Often when we think of home improvement, we think of the large projects we’d like to tackle: remodel the kitchen, replace the furnace or fix the roof. However, with most things in life, the little things mean a lot.
You can make small-scale home improvements in your everyday life that will increase the longevity of your home and appliances. To help you get started, here are five bad house habits to break:
It’s tempting to stuff one big load into the washer or dryer instead of breaking it into two loads. You’re saving money that way, right? Wrong. Overloading the washing machine and dryer makes the appliances work harder, and leaves dirt and soap residue because water can’t move freely through the clothes. Conventional wisdom says to fill the washing machine, whether front loading or top load, no more than three-quarters full.

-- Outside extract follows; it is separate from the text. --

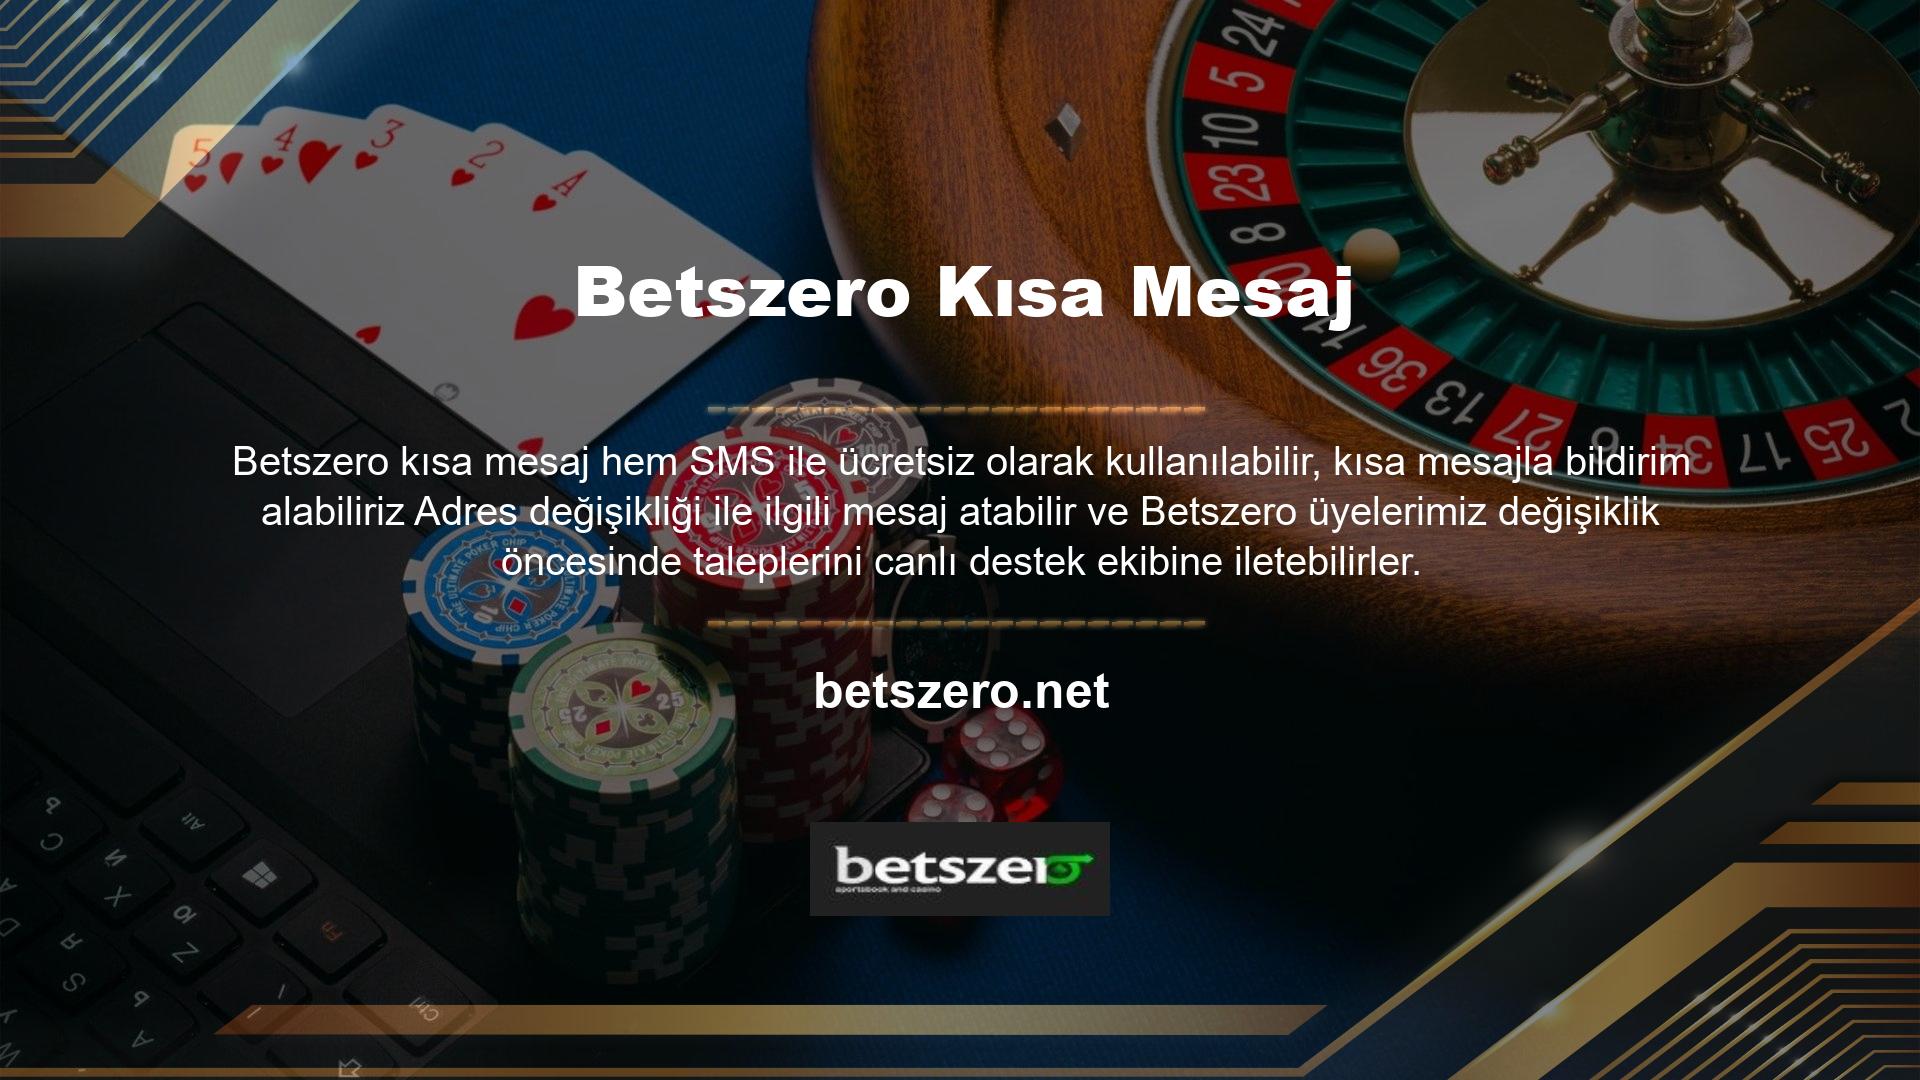 Adres değişikliği nedeniyle casino sitesine erişemeyen Betszero üyeleri BTK yaptırımlarından etkilenmez

Sure, you’re vigilant about cleaning the lint screen inside the dryer, but that’s not enough. Unfortunately, the lint screen doesn’t catch it all and plenty gets stuck in the lint trap housing, dryer duct, dryer vent and even the dryer itself.

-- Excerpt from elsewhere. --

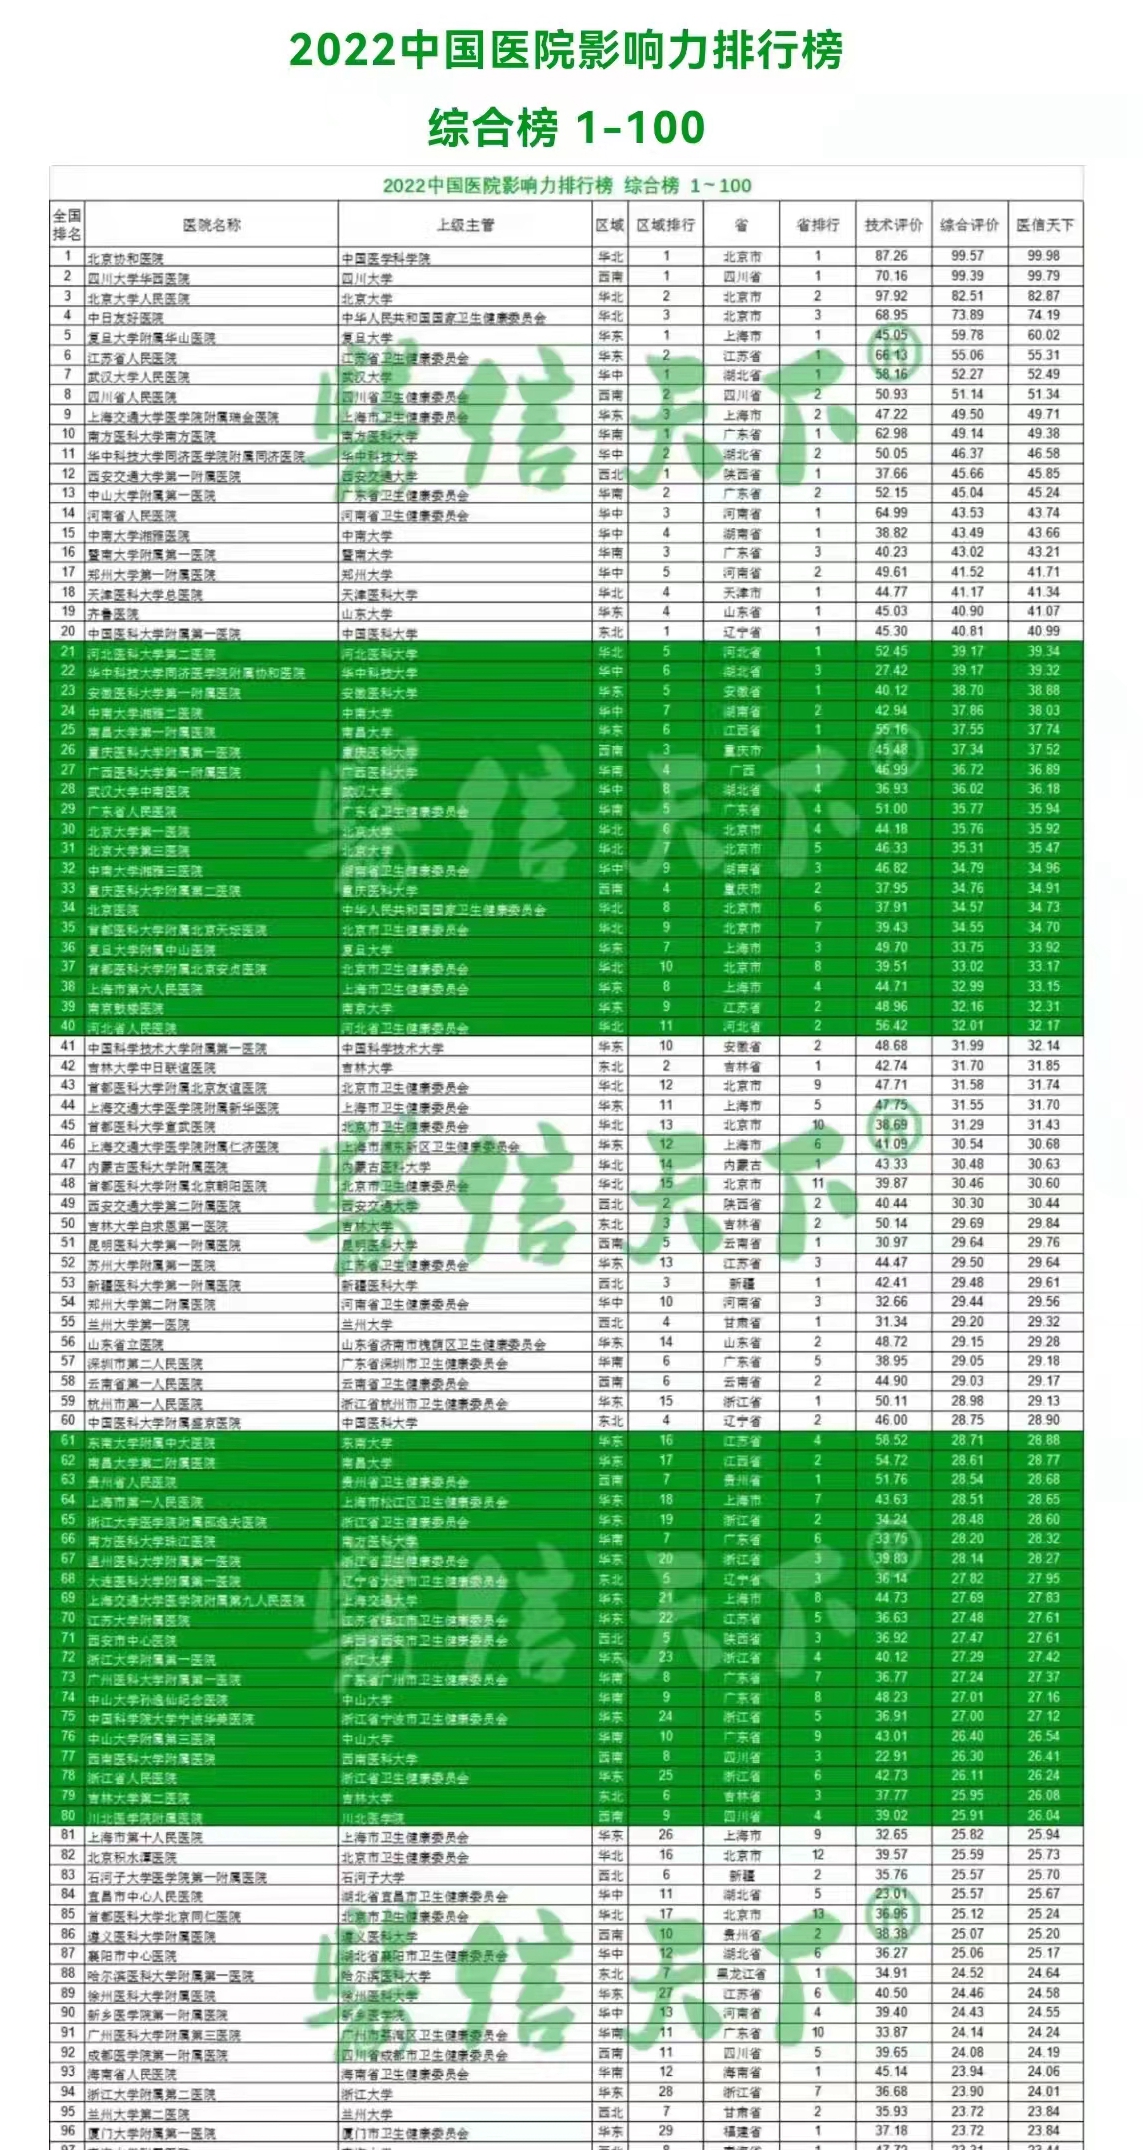 太阳app官方下载|主頁|欢迎您!第一医院排名“医信天下——2022中国医院影响力榜”第55名、甘肃省第1名

Basically, lint is everywhere and needs to be removed — it’s a fire hazard. Dryer vent cleaning can be a DIY job, but you’ll sleep better knowing it was cleaned professionally. Dryer vent cleaning typically costs around $100.
The name “garbage disposal” makes people think the little machine under the sink can handle all manner of food scraps. It can’t. Fibrous foods, such as celery, potato peels and asparagus, are a garbage disposal’s nightmare. Other items that wreak havoc and may cause a garbage disposal repair include eggshells, grease, pasta, rice and beans.

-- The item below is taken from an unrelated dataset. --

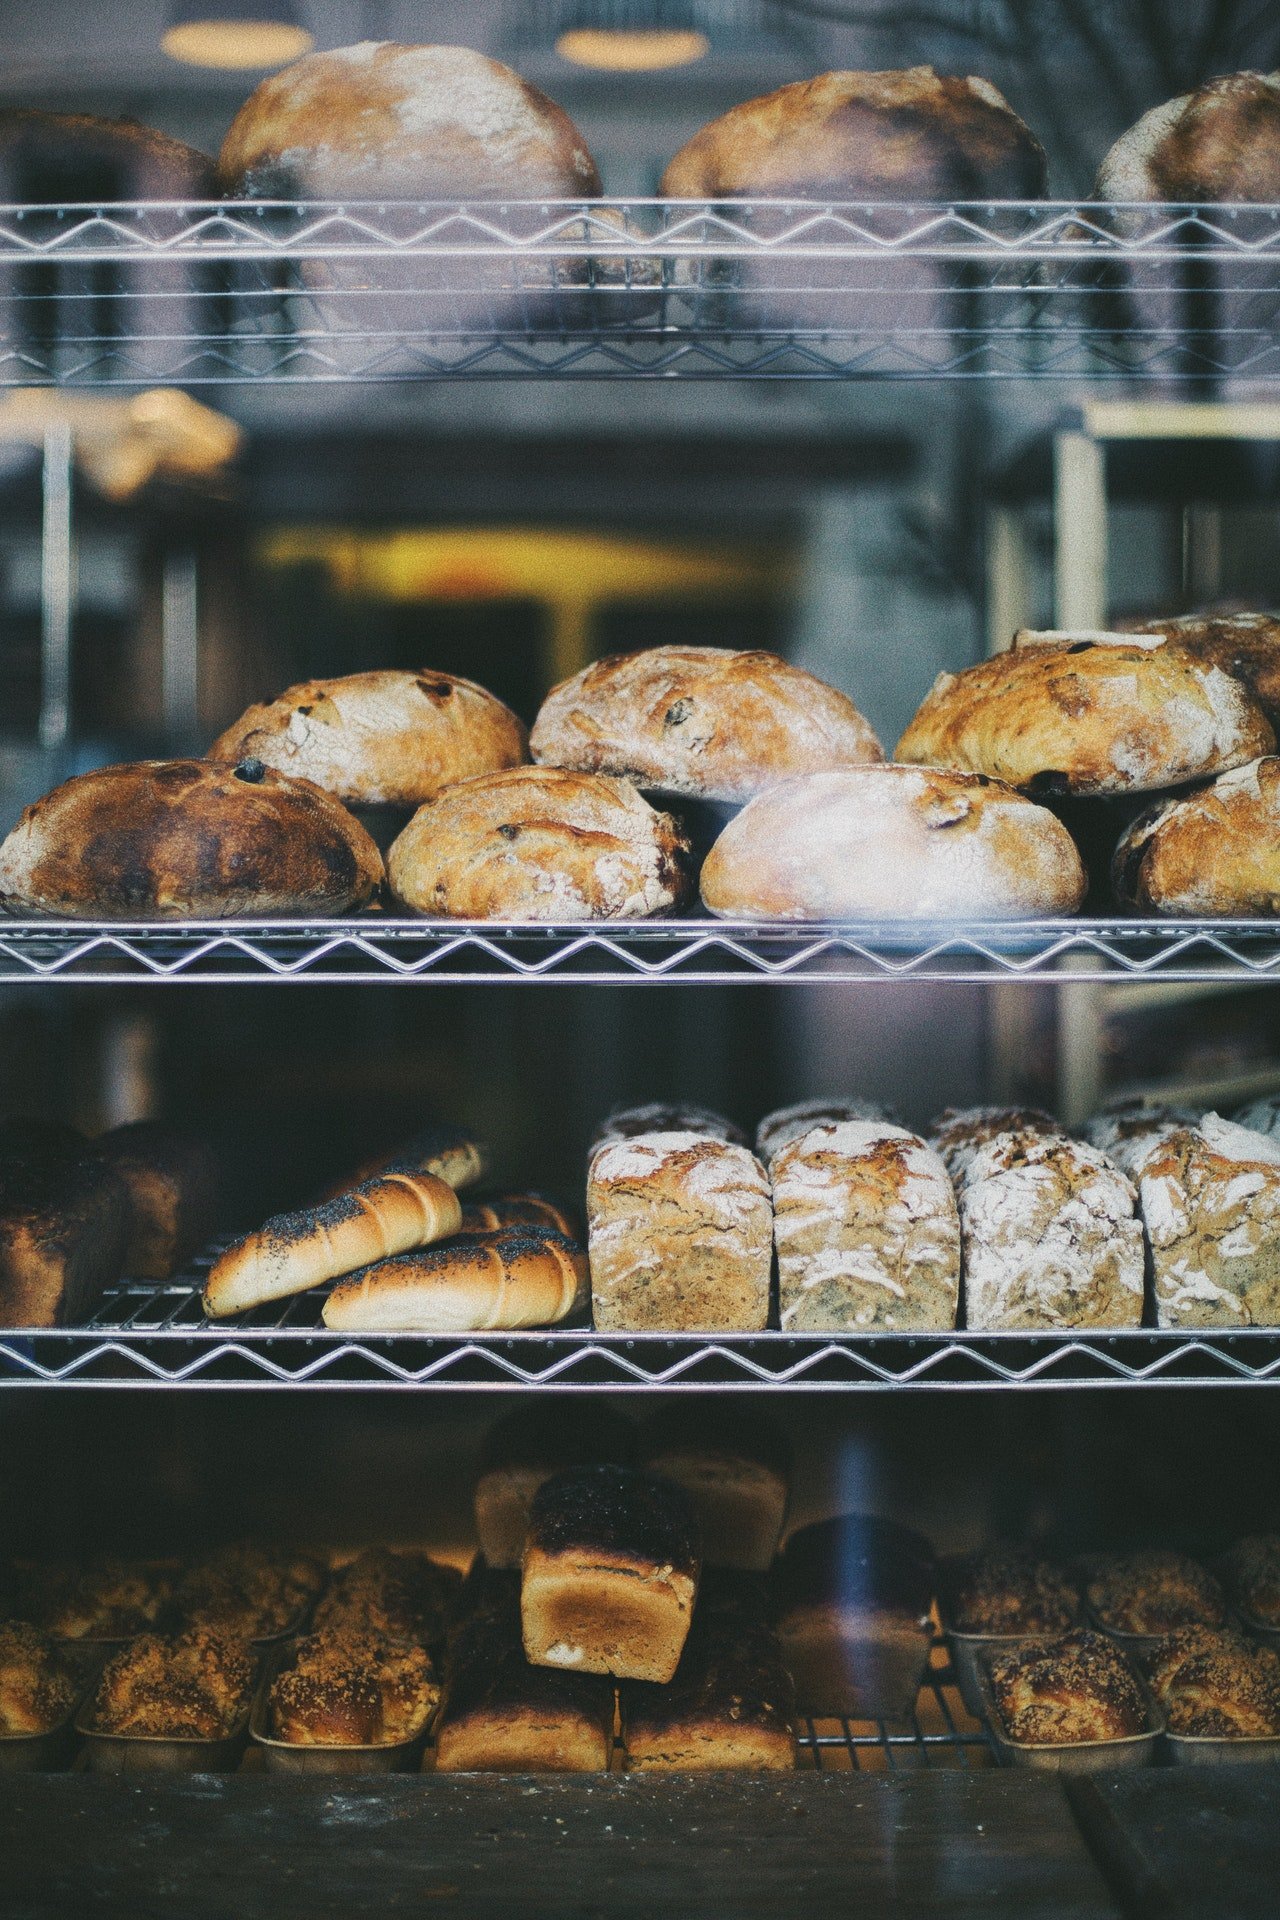 Sie kaufte ihm das berühmte Brot, von dem er schwärmte, und sagte, es sei ihre gute Tat für heute. | Quelle: Pexels

A self-cleaning oven is a dandy appliance, but don’t be fooled by the convenience and use it solely to clean your oven. Temperatures rise as high as 800 to 1,000 degrees Fahrenheit during cleaning and electrical components on a self-cleaning oven often fail afterward. Use the self-clean option sparingly, and make sure to follow manufacturer’s guidelines.
Be cautious about the products — even those marketed as safe for wood — used to clean hardwood floors as you could do more harm than good. Some cleaners harm the finish on flooring and leave a film. Avoid using a wet mop or steam cleaners on hardwood floors because too much water causes wood to warp. Cleaners with abrasive particles can scratch wood. Instead, use the manufacturer-recommended cleaner and a micro-fiber mop to clean your wood floor.